Dear @meliache, I am happy to test it. At the moment, the grid jobs with udst.root output fail, before download can be attempted. This is because running the pickled basf2 path with udst.add_skimmed_udst_output(skimDecayMode='skimname') fails

This seems to be a separate issue and I'm afraid if we need to add a workaround for that, that would be quite involved and probably should be a separate pull request, but not sure if I have time for that.

This can be traced back to the fact that basf2.pickle_path.deserialize_path( basf2.pickle_path.serialize_path(mypath)) != mypath I will try to find/contact an expert for basf2.pickle_path.

Honestly, good luck with that, I don't expect that to be simple. I think (though don't quote me on that) that Thomas Keck had contributed to the pickle path functions because he needed it for the FEI. Martin Ritter also new about them. But those people left the collaboration alreayd long ago. With those things you are usually more succesful by trying to dig into the code yourself and maybe even contribute.

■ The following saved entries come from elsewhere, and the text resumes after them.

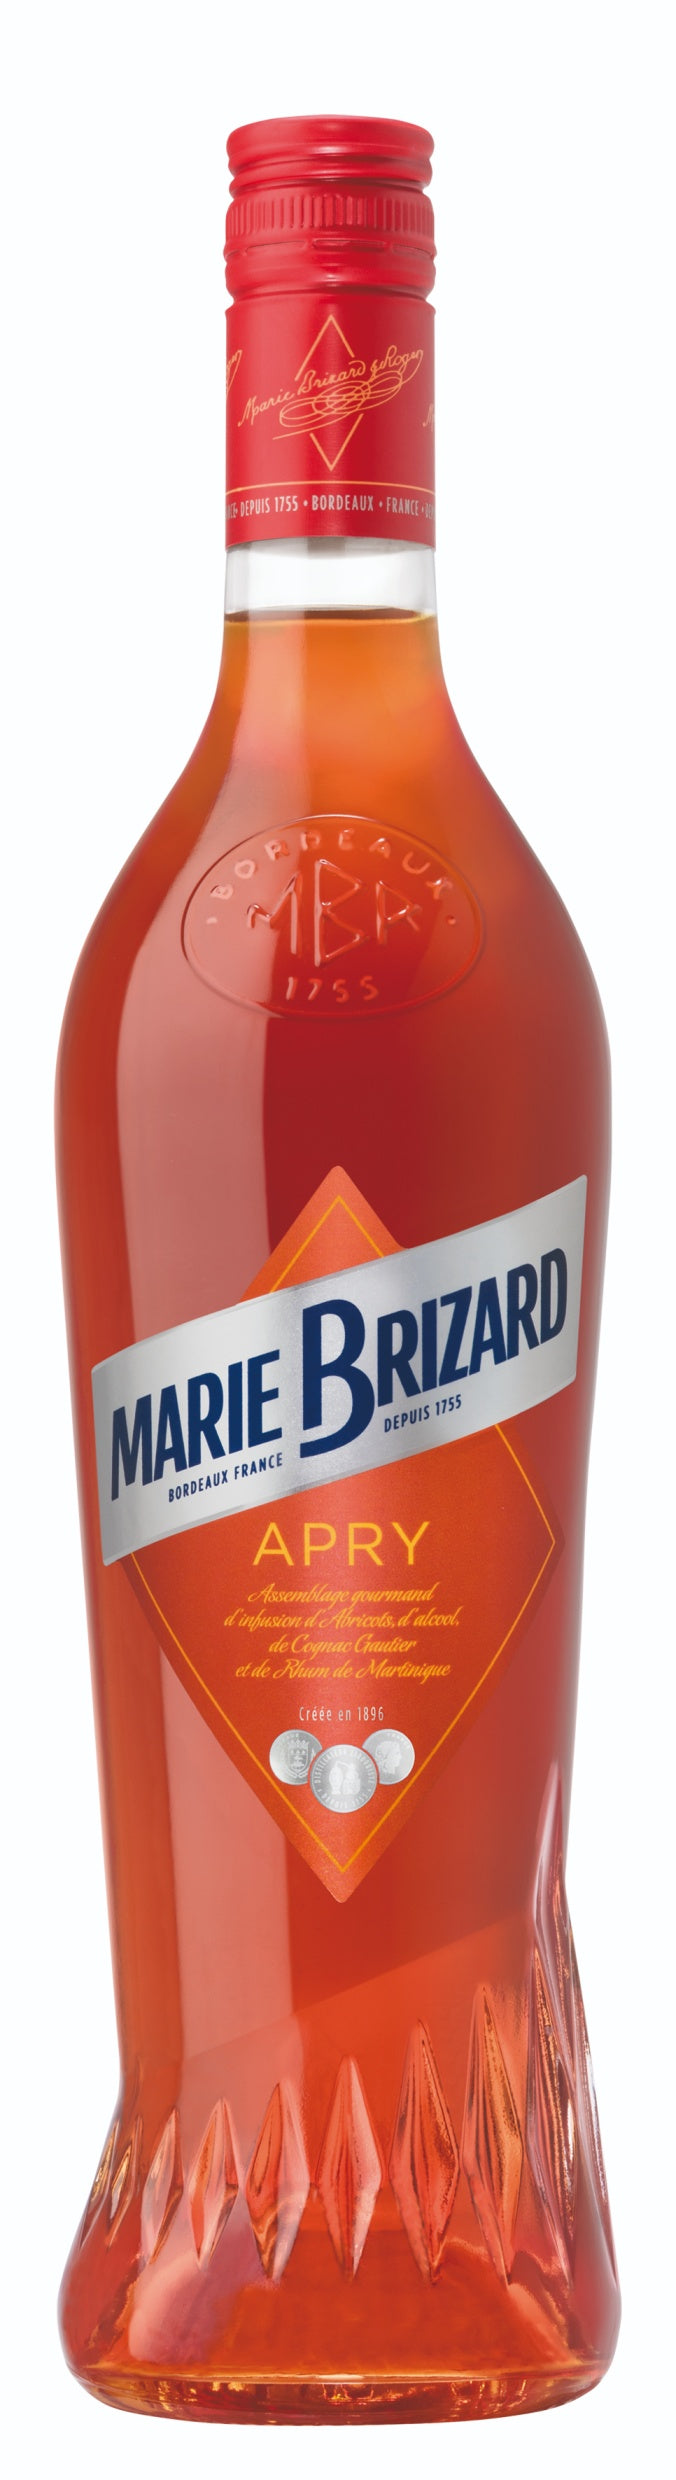 MARIE BRIZARD LIQUEUR APRICOT BRANDY 70CL
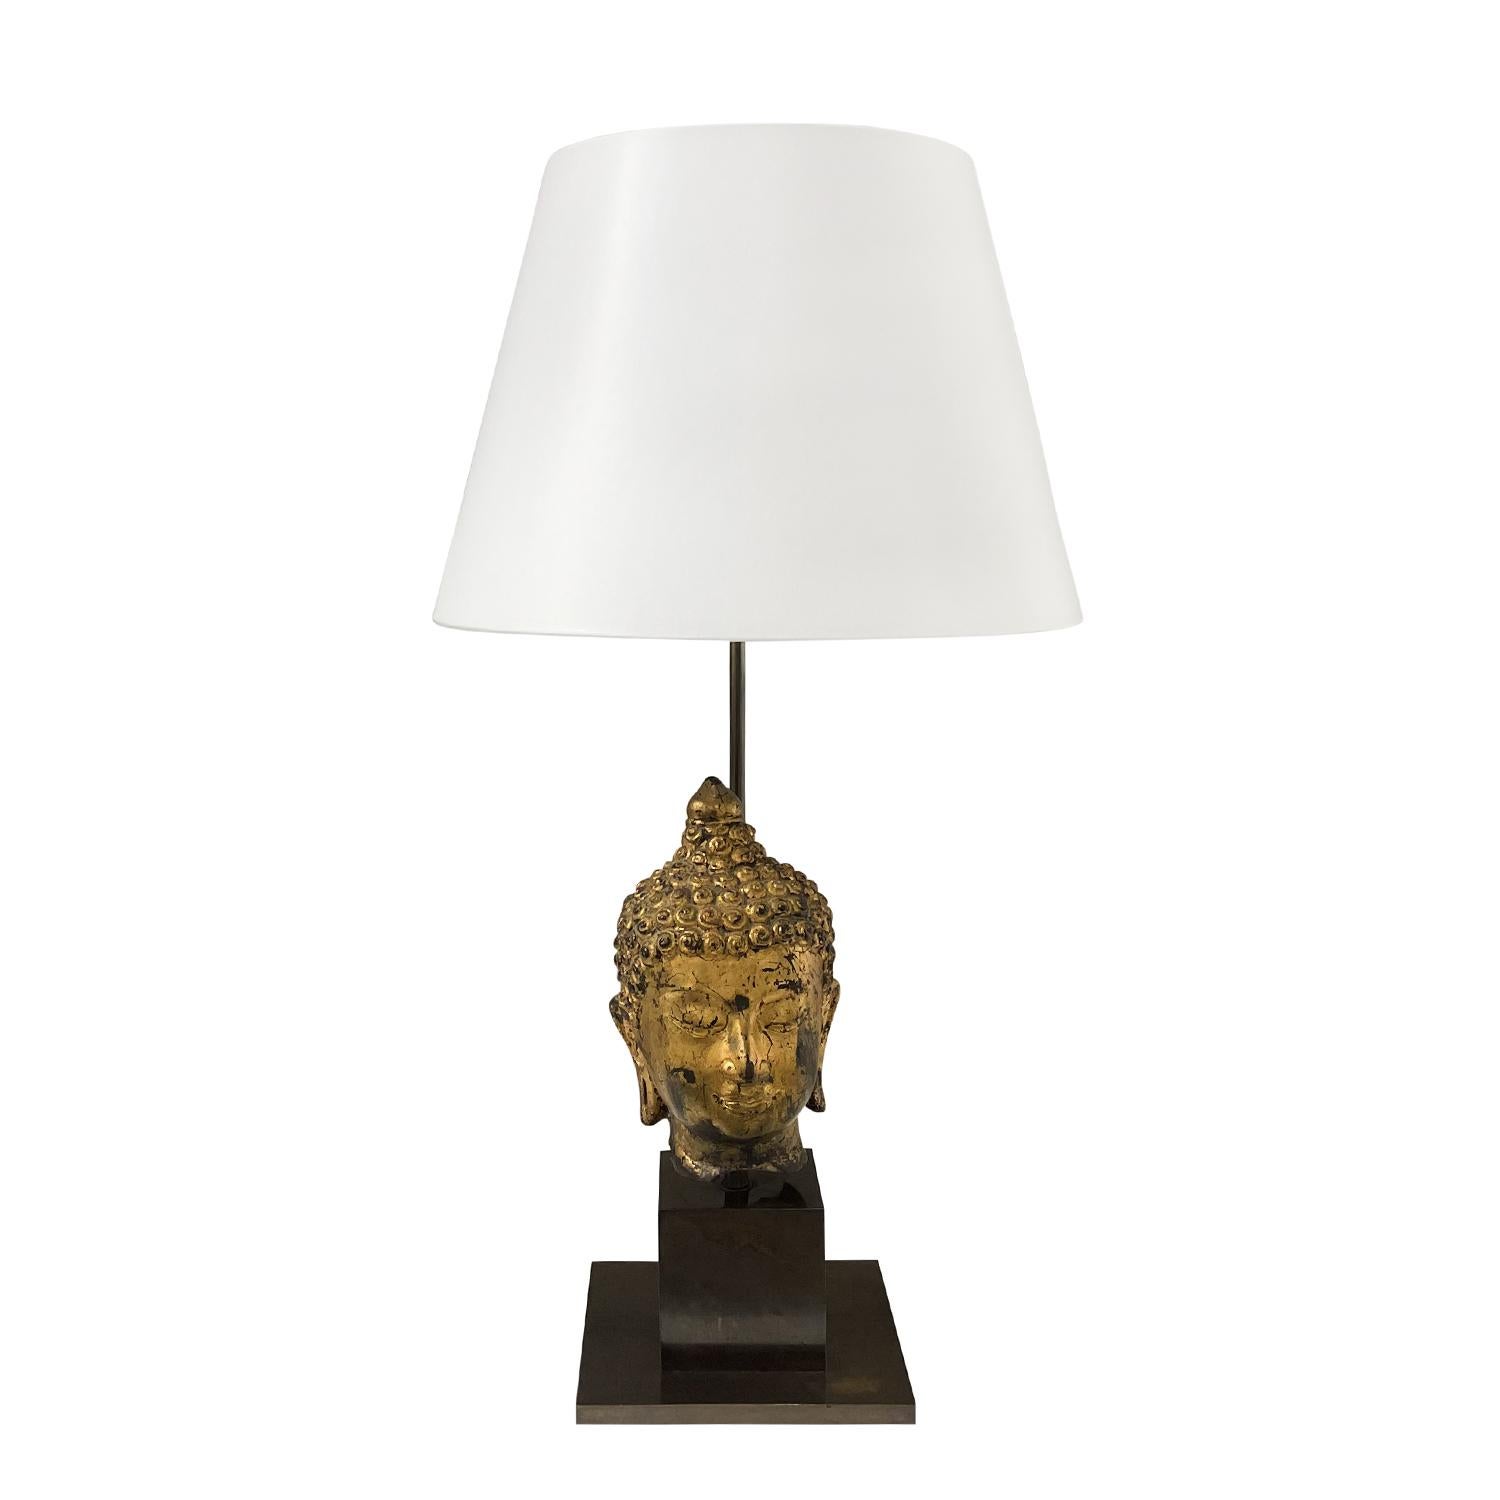 Lampe de table asiatique en forme de bouddha, de style moderne du milieu du siècle dernier, avec un nouvel abat-jour rond blanc, faite de bois travaillé à la main, en bon état. La tête détaillée, patinée à l'or, est soutenue par une base
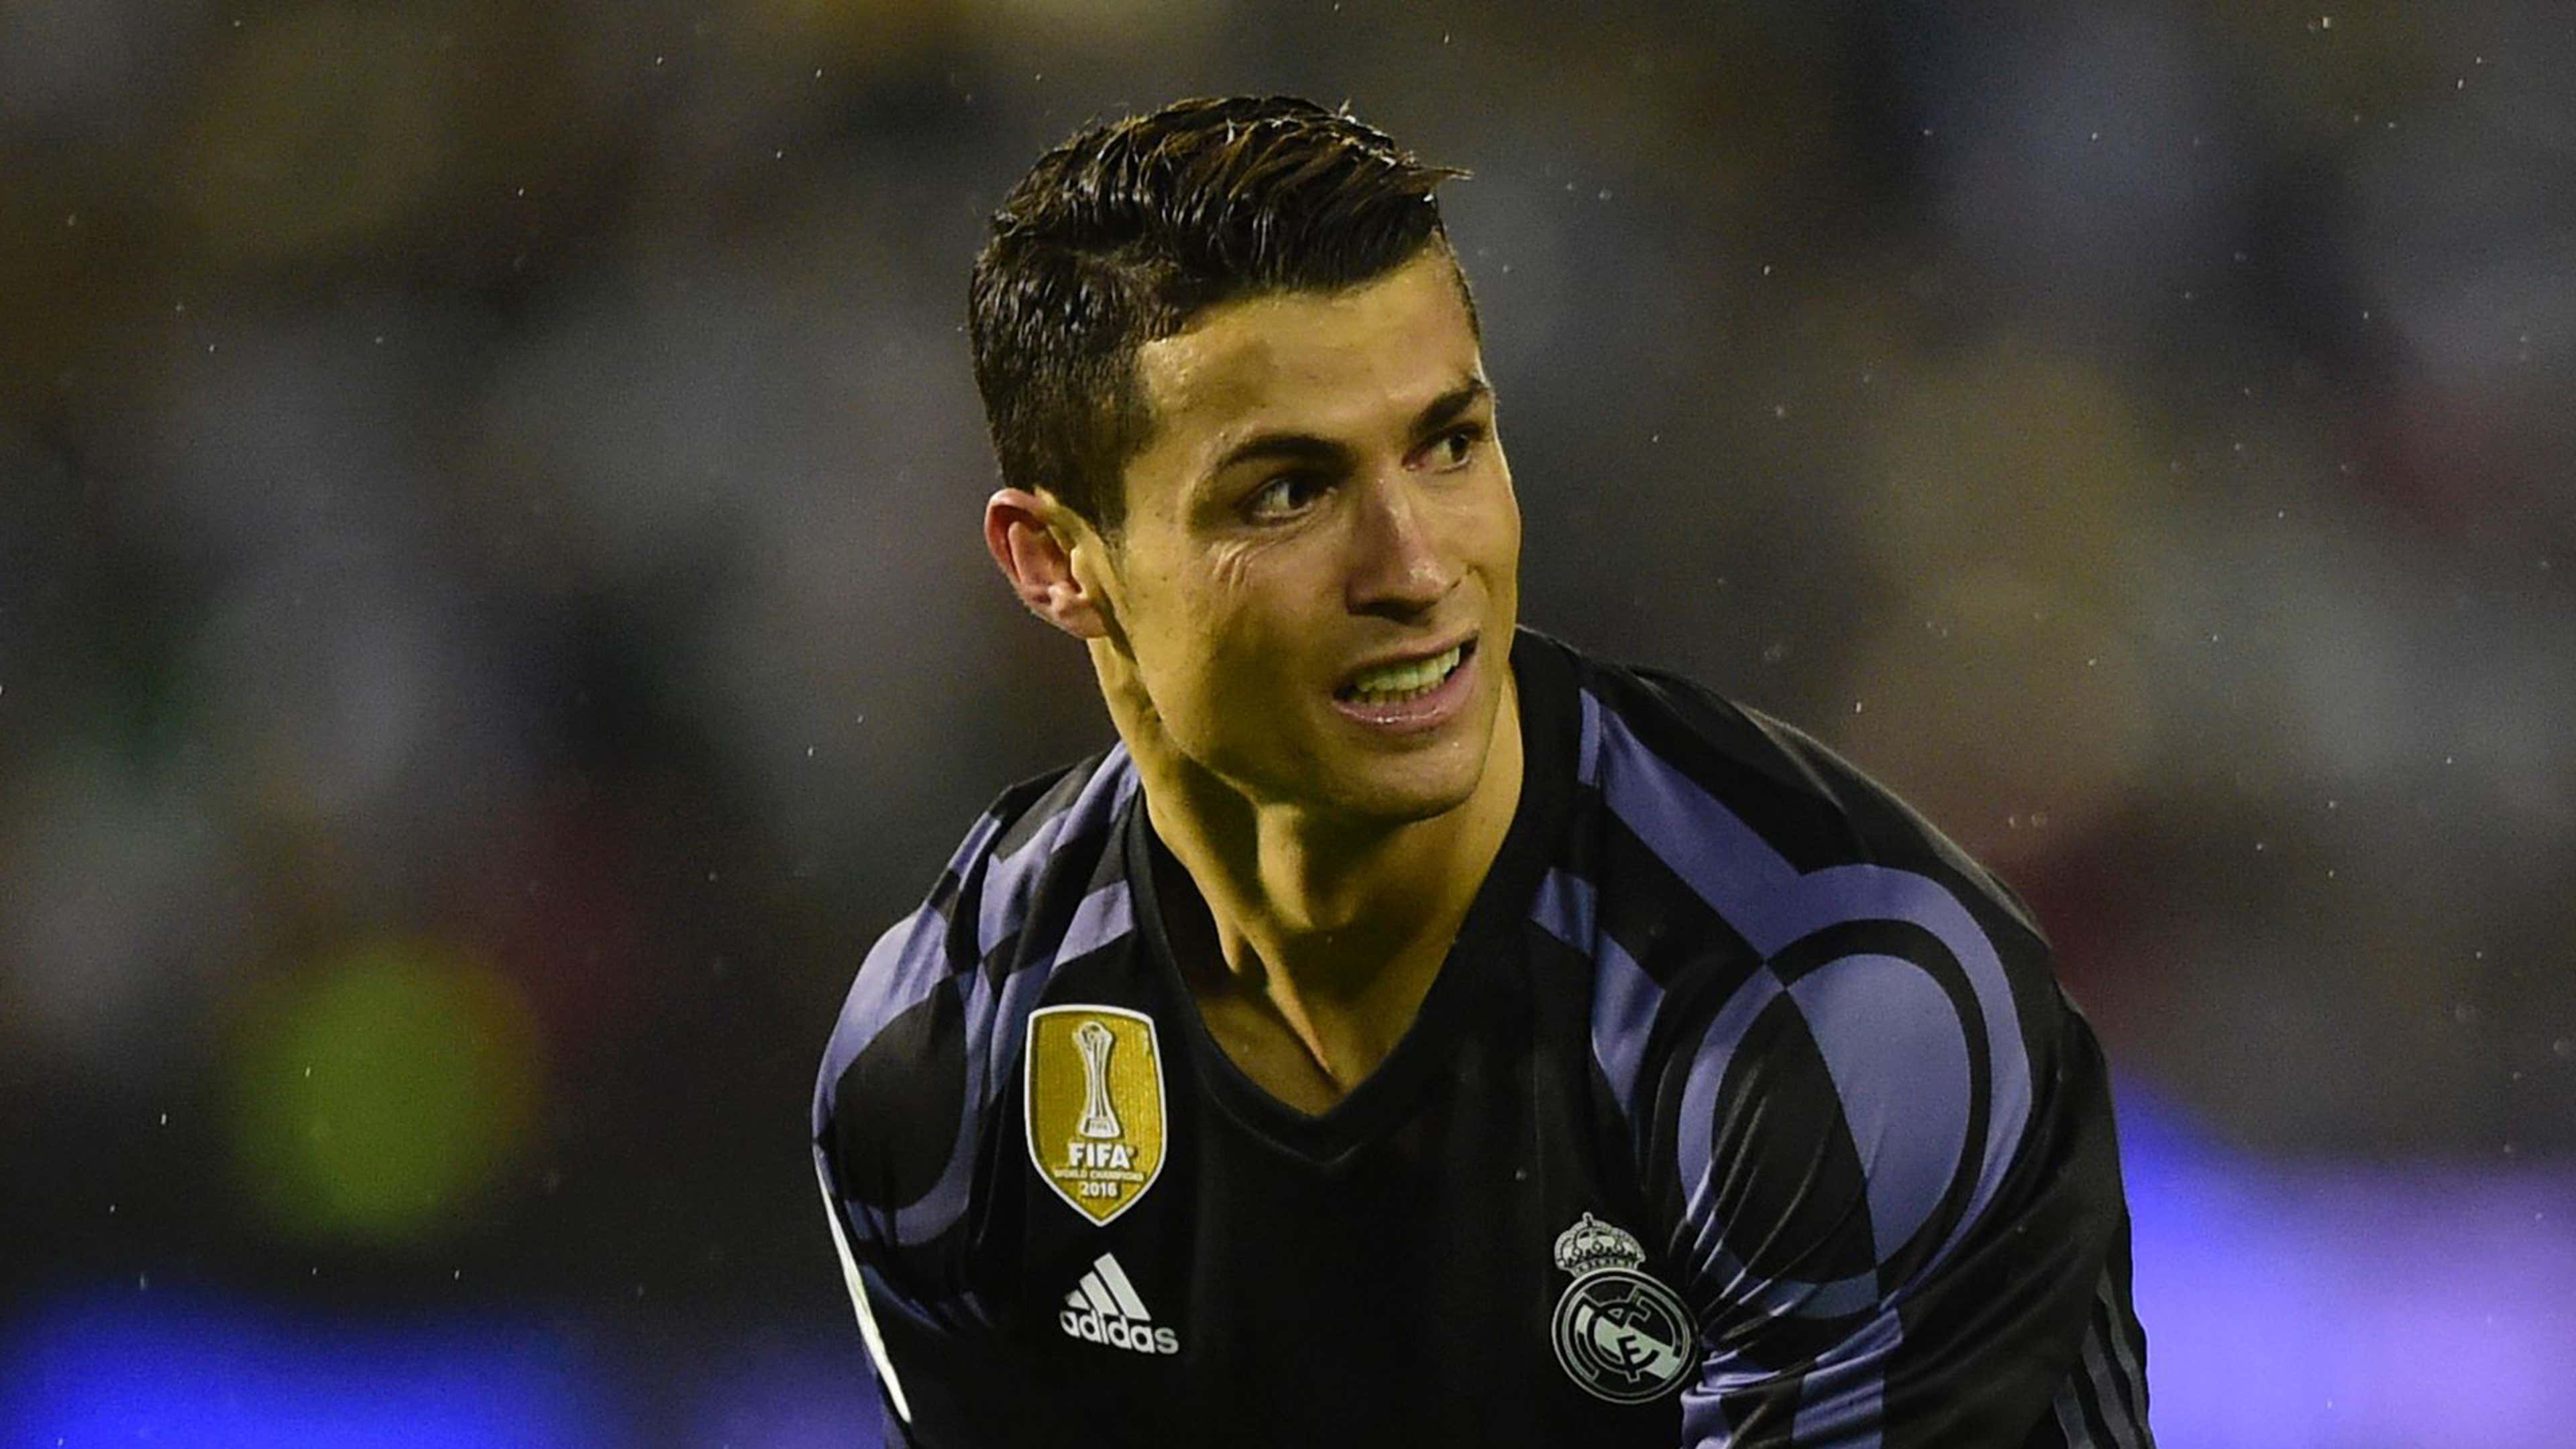 Não existe ninguém melhor que eu', diz Cristiano Ronaldo

I just checked the definition of udst.add_skimmed_udst_output and it seems that it creates an additional conditional path

    skim_path = basf2.create_path()
    [...]
    filter_path.add_independent_path(skim_path, "skim_" + skimDecayMode)
    add_udst_output(
        skim_path,
        outputFile,
        saveParticleLists,
        additionalBranches,
        dataDescription=dataDescription,
        mc=mc,
    )

I don't understand conditional paths super well, but it's well possible that serialize_path has problems with that.

basf2.pickle_path.deserialize_path( basf2.pickle_path.serialize_path(mypath)) != mypath You could check really what's the difference by eye or looking at the diff of basf2.print_path. Sadly I don't think I have the time to dig into thhat.

For testing this pull request I would try just using udst.add_udst_output, or also just add dots to a root file name, like foo.bar.root. And try figure out the conditional paths seperately

Update: I now created #182 for the pickling issue.

schmitca commented 1 year ago

I can confirm that the download is working with udst.add_udst_output and

--- a/b2luigi/batch/processes/gbasf2.py
+++ b/b2luigi/batch/processes/gbasf2.py
-        dataset_query_string = f"{output_lpn_dir}/{self.gbasf2_project_name}/sub*/{output_file_stem}_*{output_file_extensions}"
+        dataset_query_string = '.'.join([f'{output_lpn_dir}/{self.gbasf2_project_name}/sub*/{output_file_stem}_*', output_file_extensions])

It seems that I cannot push my changes, but this can be commited and closed.

meliache commented 1 year ago

I can confirm that the download is working with udst.add_udst_output and

Nice :+1:

It seems that I cannot push my changes, but this can be commited and closed.

Thanks for the patch. I added a commit with your line and added you (name and email) as the author of the commit. Git allows after all having separate authors and commiters for commits (which is used e.g. in the linux kernel where patch emails are still used). But I didn't push the commit yet because I'd like to get your permission to use your full name and email, which I found on b2mms. You might want to disagree for privacy purposes, then I'd change the commit author to your github nickname. Also, if you don't use your LMU email on github, it would be better adding your github email, so that github recognizes you as the author of the commit, even when I pushed it.

Btw, github has a feature where when the reviewer comments on a line of code, they can add a code suggestion and I could then accept this suggestion. But I don't like edits via github much, because editing in a proper editor/IDE results in better style you get syntax/style checking if you use a modern editor/IDE, which is not the case in github UI edits.

schmitca commented 1 year ago

Thank you @meliache, I added a suggestion.

meliache commented 1 year ago

@schmitca thanks for doing that so late. Can I use your full name from B2MMS in the contriburs list in the documentation?

schmitca commented 1 year ago

Sure, thank you! @meliache

meliache commented 1 year ago

@schmitca I now published this to PyPi as release 0.8.2, so if you install b2luigi with pip install b2luigi --upgrade, you should have the functionality available immediately.